Which makes stars able to be themselves on camera all the more valuable. “I love meeting new HGTV talent,” says Jonathan Scott, co-star of “Property Brothers.” “One thing I say to them is, when you go on a talk show, they’re not having you on to show five trending paint colors. We’re trying to find a way to have fun. This is your dream home — it should be fun and enjoyable.” The gift of gab matters as much as pure expertise, maybe more; as for whether hosts on the network are educators or entertainers, Jonathan’s brother Drew says, “It’s a hybrid area. We see ourselves as therapists in the home space. What really resonates is seeing people do what they love.”
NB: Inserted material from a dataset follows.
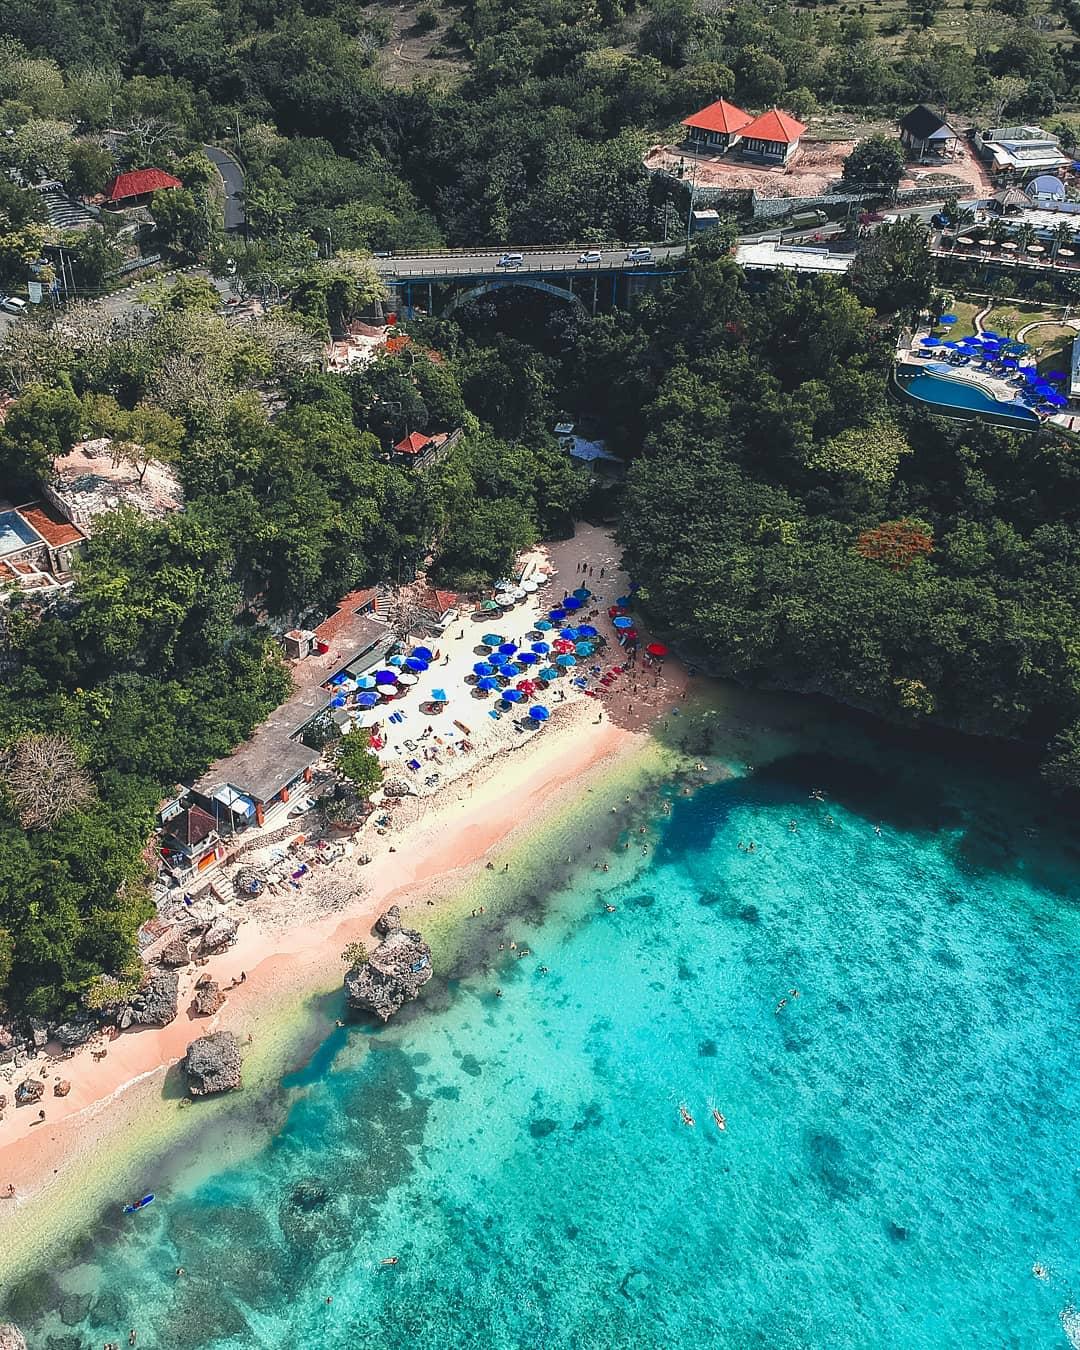 Pantai Labuan Sait Pecatu Bali Drone View - Dewata ID

And people like that can come from anywhere: The Scotts were working in real estate to finance dreams of becoming an actor (Drew) and a magician (Jonathan) before their detour. Even further afield, Ben and Erin Napier were discovered after her wedding-stationery company got her a write-up in Southern Weddings magazine; despite the pair’s lack of prior on-camera experience, she says, the only notes pertain to camera blocking. “The content is: Be yourself. They never ask us to say something more succinct, which they probably should, because we can get long-winded. But what you get is what you get.”
Courtesy of HGTV
And many viewers are fascinated with what they’ve gotten: The Napiers’ stories of refurbishing old homes in Laurel, Miss., draw on both local pride and the unpredictability of the restoration process. “A lot of shows like to have that manufactured drama,” says Ben Napier. “On our show, they let us break the mold — if the house doesn’t have any drama, then that episode doesn’t have any drama.” That means when there is a setback, it resonates all the more.
In HGTV’s past, “there was a bit of a copycat syndrome,” says Ruch. “One or two things worked, and people tried to replicate those in every show.” What has, perhaps, kept HGTV from being a victim of its own recent success is the degree to which it’s diversified within a narrow subject. The Napiers look, perhaps, a little like former network stars Chip and Joanna Gaines — but only if you squint — and very little like others on the network’s air.
The Gaineses are proof positive of the power of HGTV and its refusal to repeat itself. The empire built on the success of the now-concluded series “Fixer Upper” has grown to include the Magnolia Network, a dedicated channel within Discovery set to launch Oct. 4. (“We don’t really care which one our audience is watching,” Finch, the Discovery executive, says.) In the absence of the Gaineses, now newer and established stars are creating franchises of their own.
By building out a suite of ambitious talent and emphasizing how they’re different from one another, HGTV has found success beyond its longtime reputation as a landing space away from the world’s troubles. As Bromstad, the network’s longest-tenured on-air personality, puts it, “What HGTV has done over my 14 years there has been incredible. They went from a very buttoned-up organization to an organization with some buttons undone, the tie loosened — and having a great time.”